Exercise requirements
Below this line are records; transcribe exactly the lines between the one holding "CS BRONZ EFEKT" and the one holding "おもちゃの鼓笛隊の再生済みの波形", inclusive, and omit the pictures.

Recorded information
========

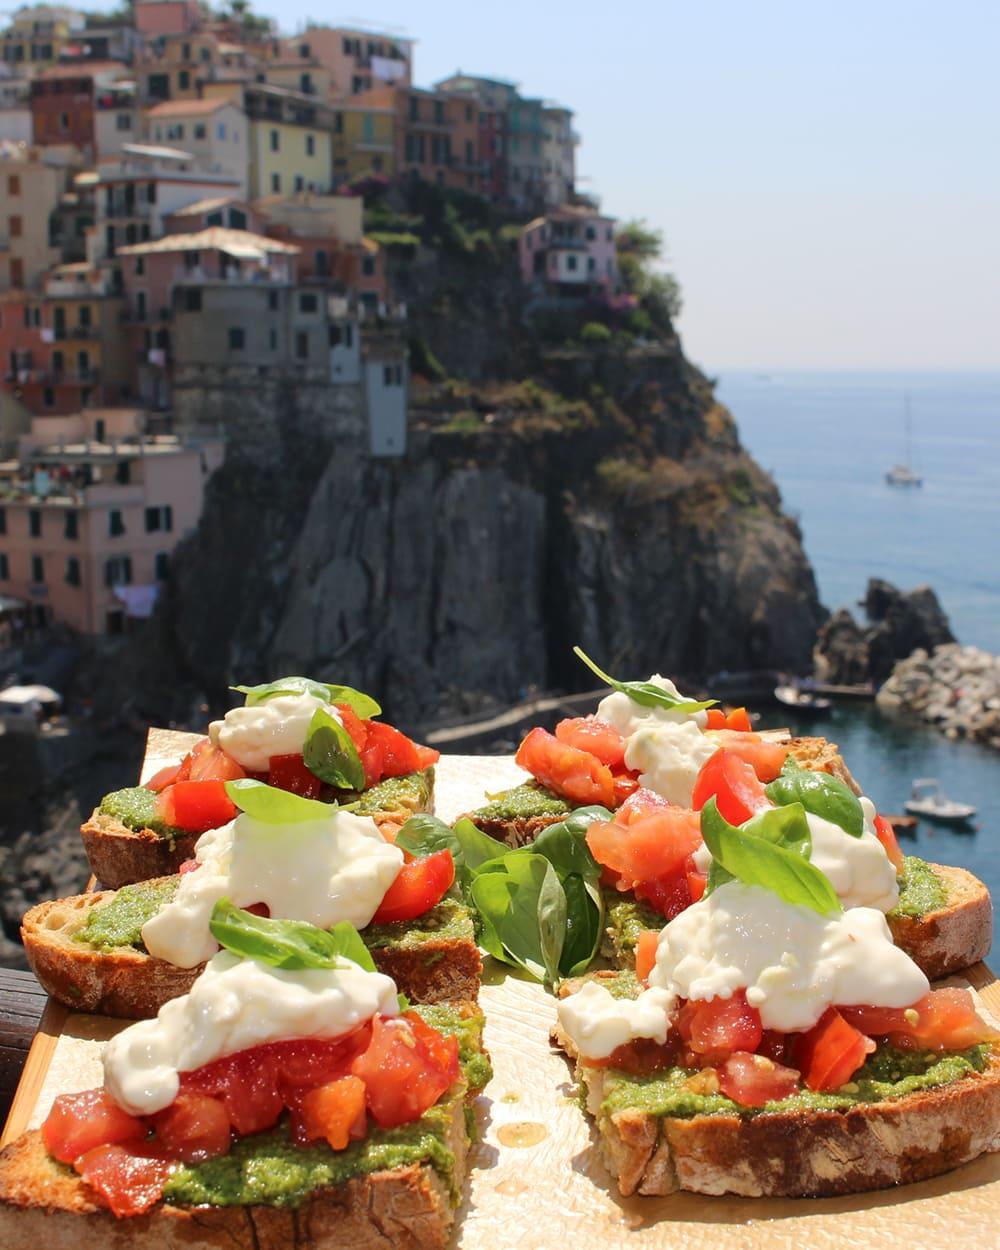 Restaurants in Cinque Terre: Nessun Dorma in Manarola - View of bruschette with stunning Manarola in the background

========

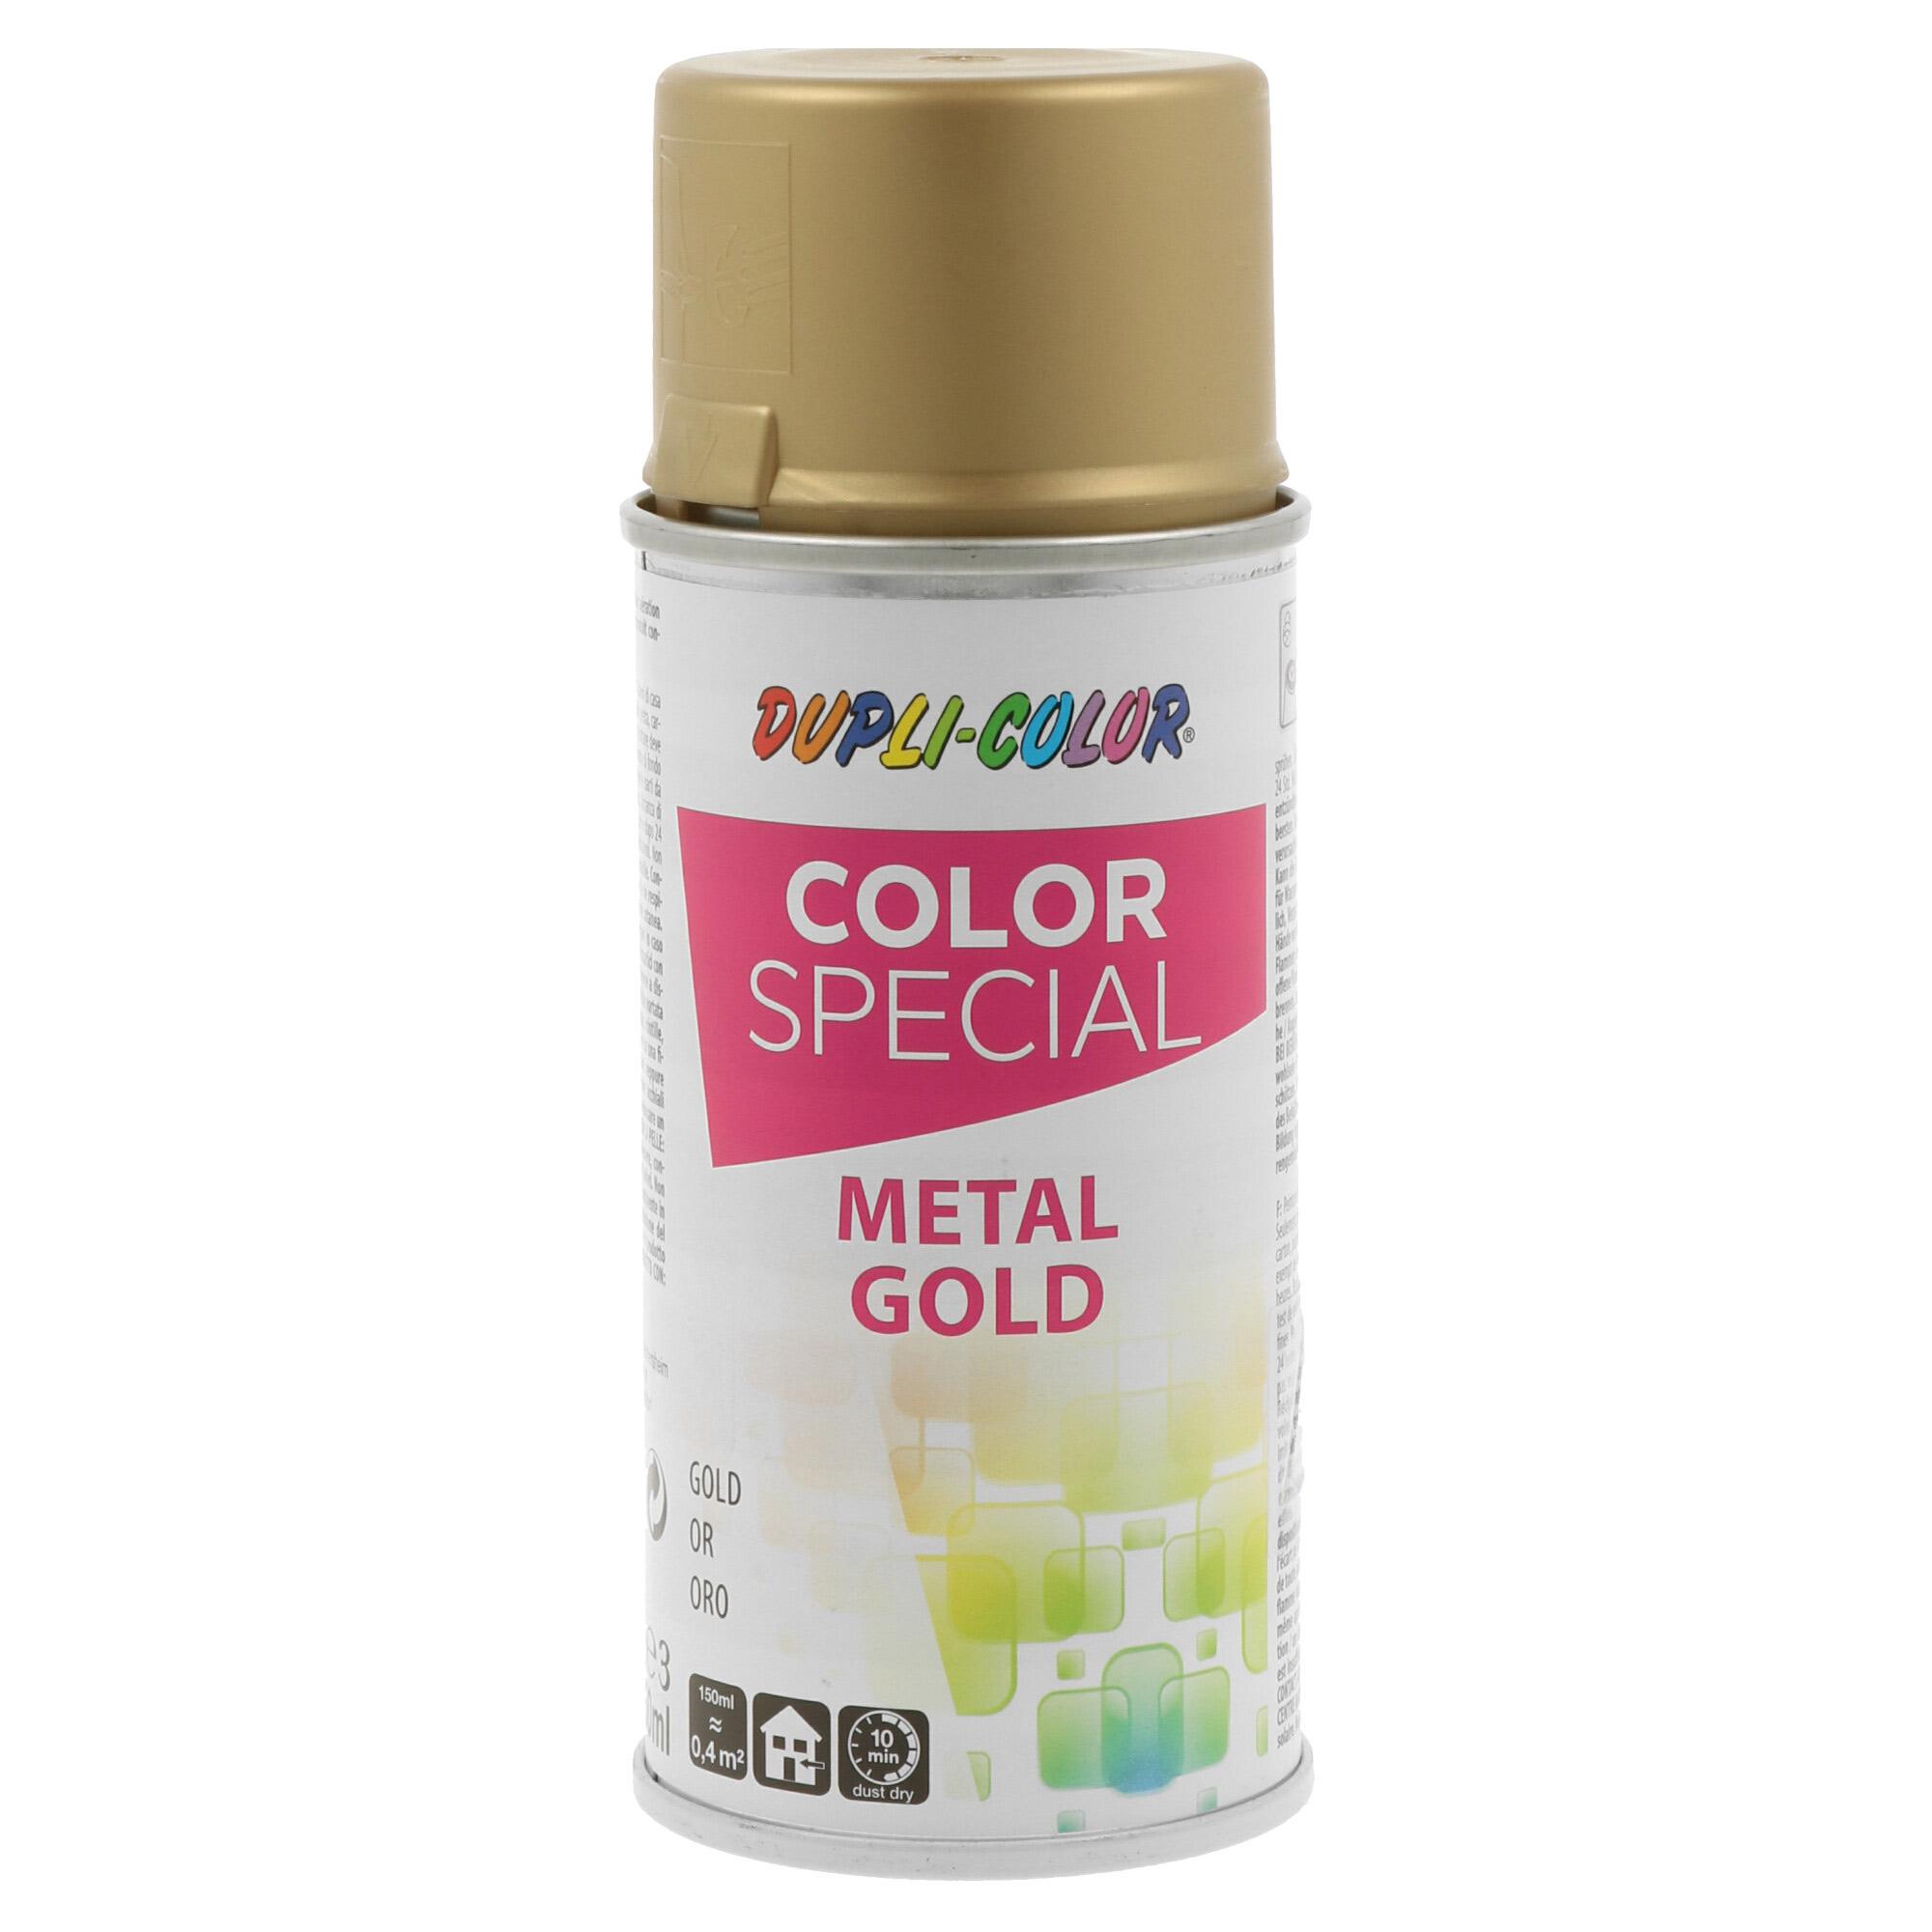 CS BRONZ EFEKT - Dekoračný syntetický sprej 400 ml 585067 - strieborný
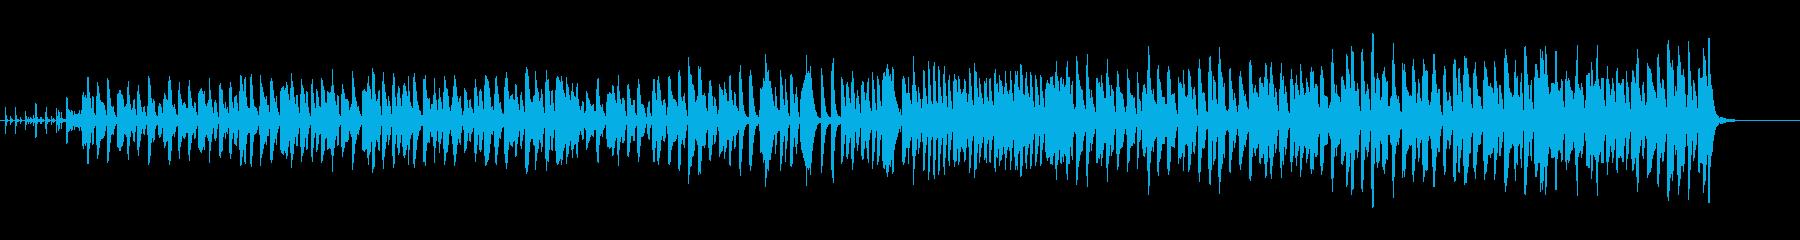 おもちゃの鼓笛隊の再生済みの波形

========

Expected answer
 CS BRONZ EFEKT - Dekoračný syntetický sprej 400 ml 585067 - strieborný
 おもちゃの鼓笛隊の再生済みの波形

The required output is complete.